Thomas Sowell is a common-sense economist. He isn't particularly well-liked by African-Americans (though he is African-American) because he is politically conservative. Years ago, I'd guess he'd get labeled as an "Uncle Tom". But if you read what he writes, you'd have to ask why he isn't more admired by those who might so label him.

A sampling of what he writes about in his post today, which it titled (appropriately) "Random Thoughts":

The fraudulence of the left's concern about poverty is exposed by their utter lack of interest in ways of increasing the nation's wealth. Wealth is the only thing that can cure poverty. The reason there is less poverty today is not because the poor got a bigger slice of the pie but because the whole pie got a lot bigger -- no thanks to the left.

Of course, logic like that is foreign to the likes of Teddy Kennedy, spiritual advisor and mentor to John Kerry. Guys like Teddy and John never had to work in the real world, never had the chance to build a business, hire and train people to become productive citizens. Never learned what it's like to actually see wealth being created for many people who actually earned that wealth, each feeling a sense of tremendous accomplishment.

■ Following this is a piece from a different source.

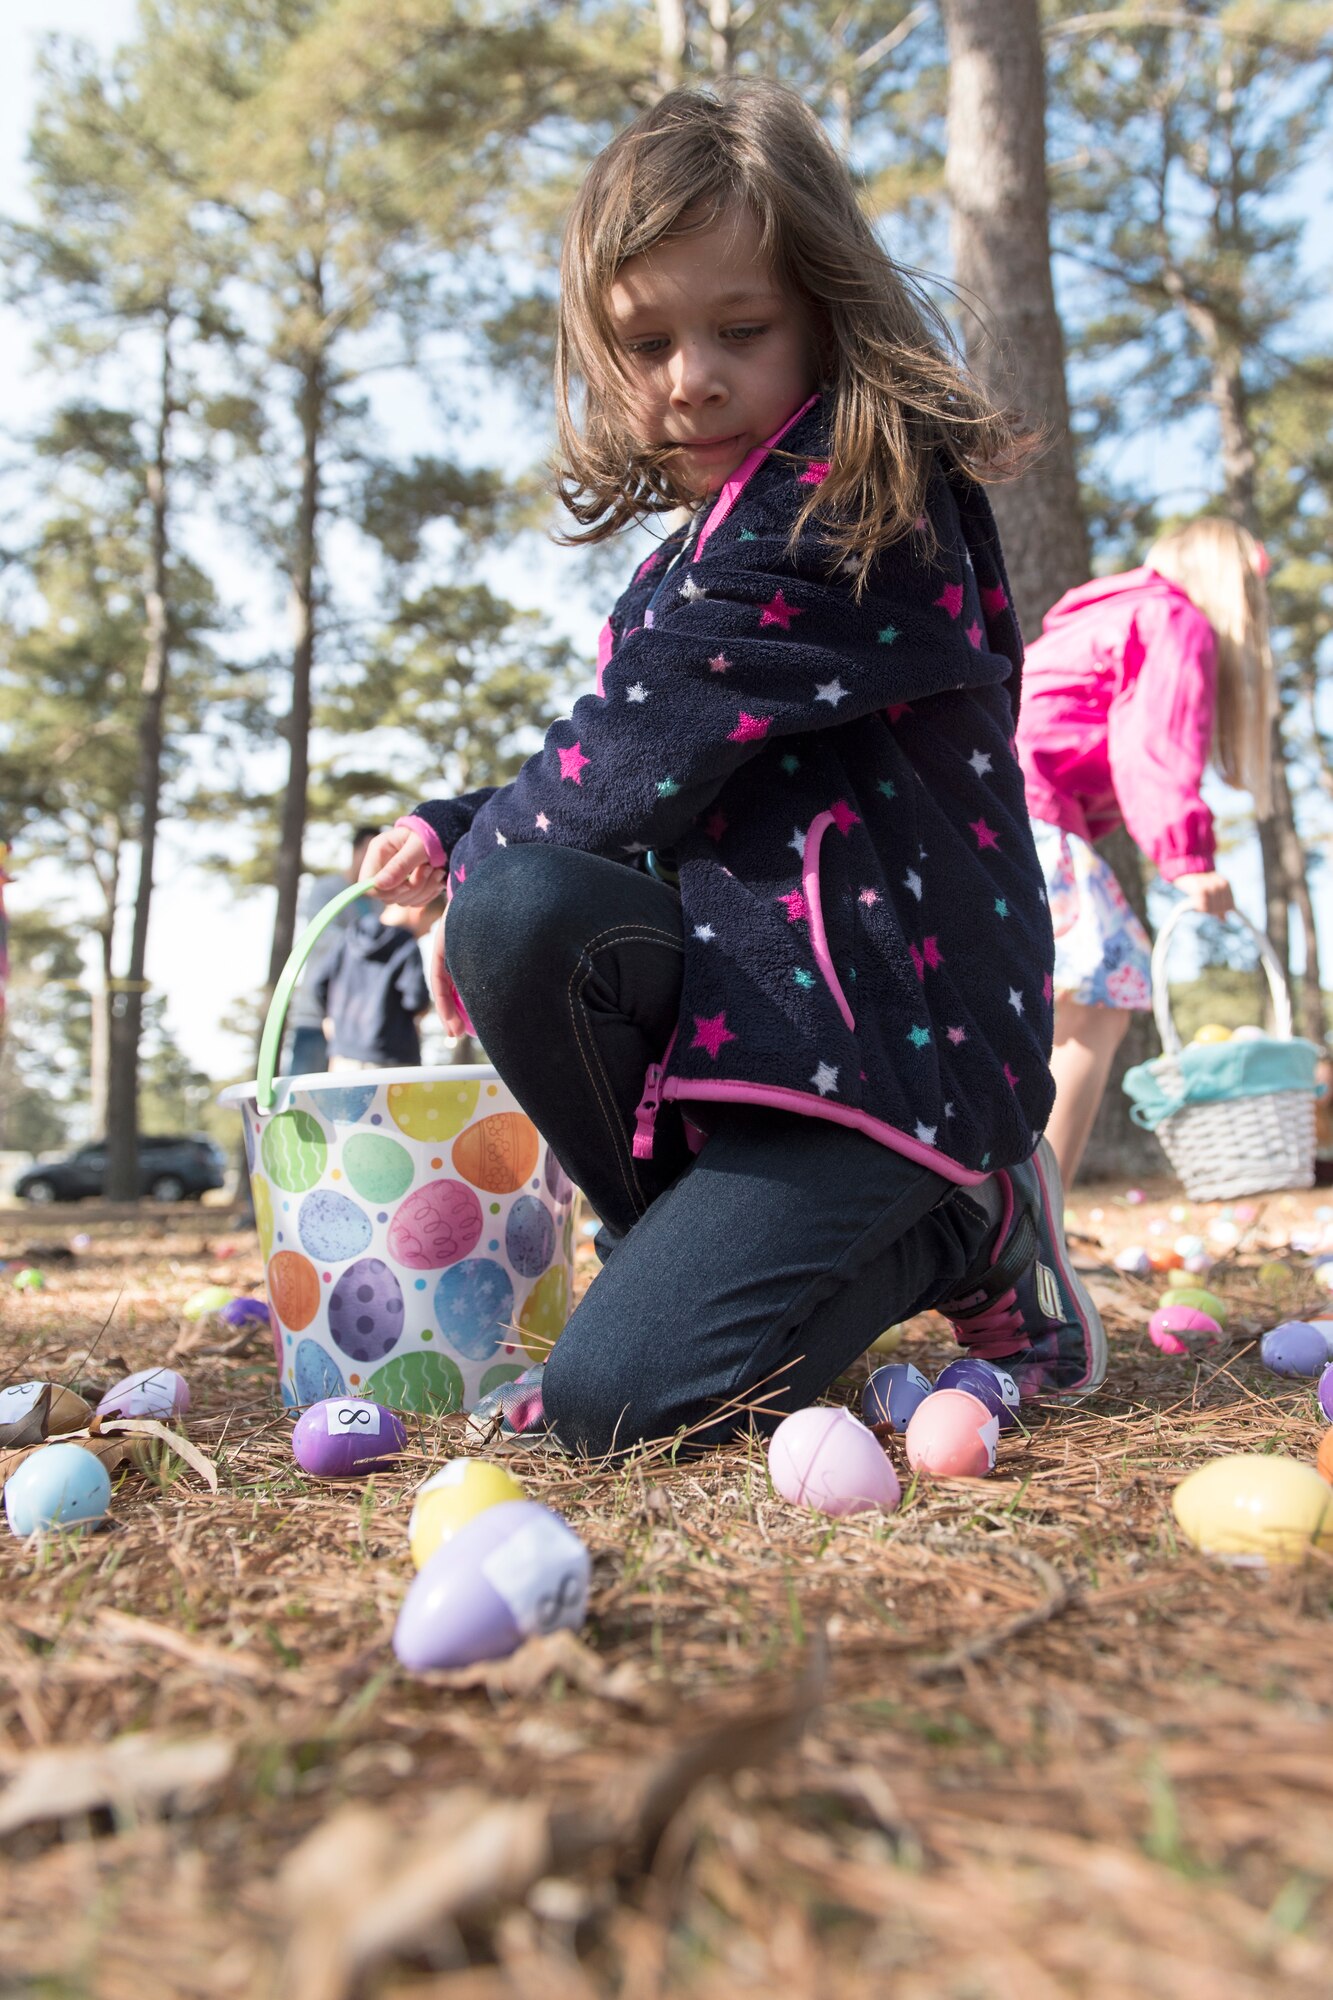 Youth Center prepares children for 'Easter Games'

Maybe this election campaign will provide us with another Reagan moment, when the majority pounds yet another nail in the coffin of the left/liberal/socialist/sometimes communist point of view that wealth is a zero-sum game -- the idea that the only reason there is poverty is because there are wealthy people in the world who have "stolen" that wealth from the poor.

The simplistic solution has always been to play Robin Hood. But haven't we tried that (and failed miserably)?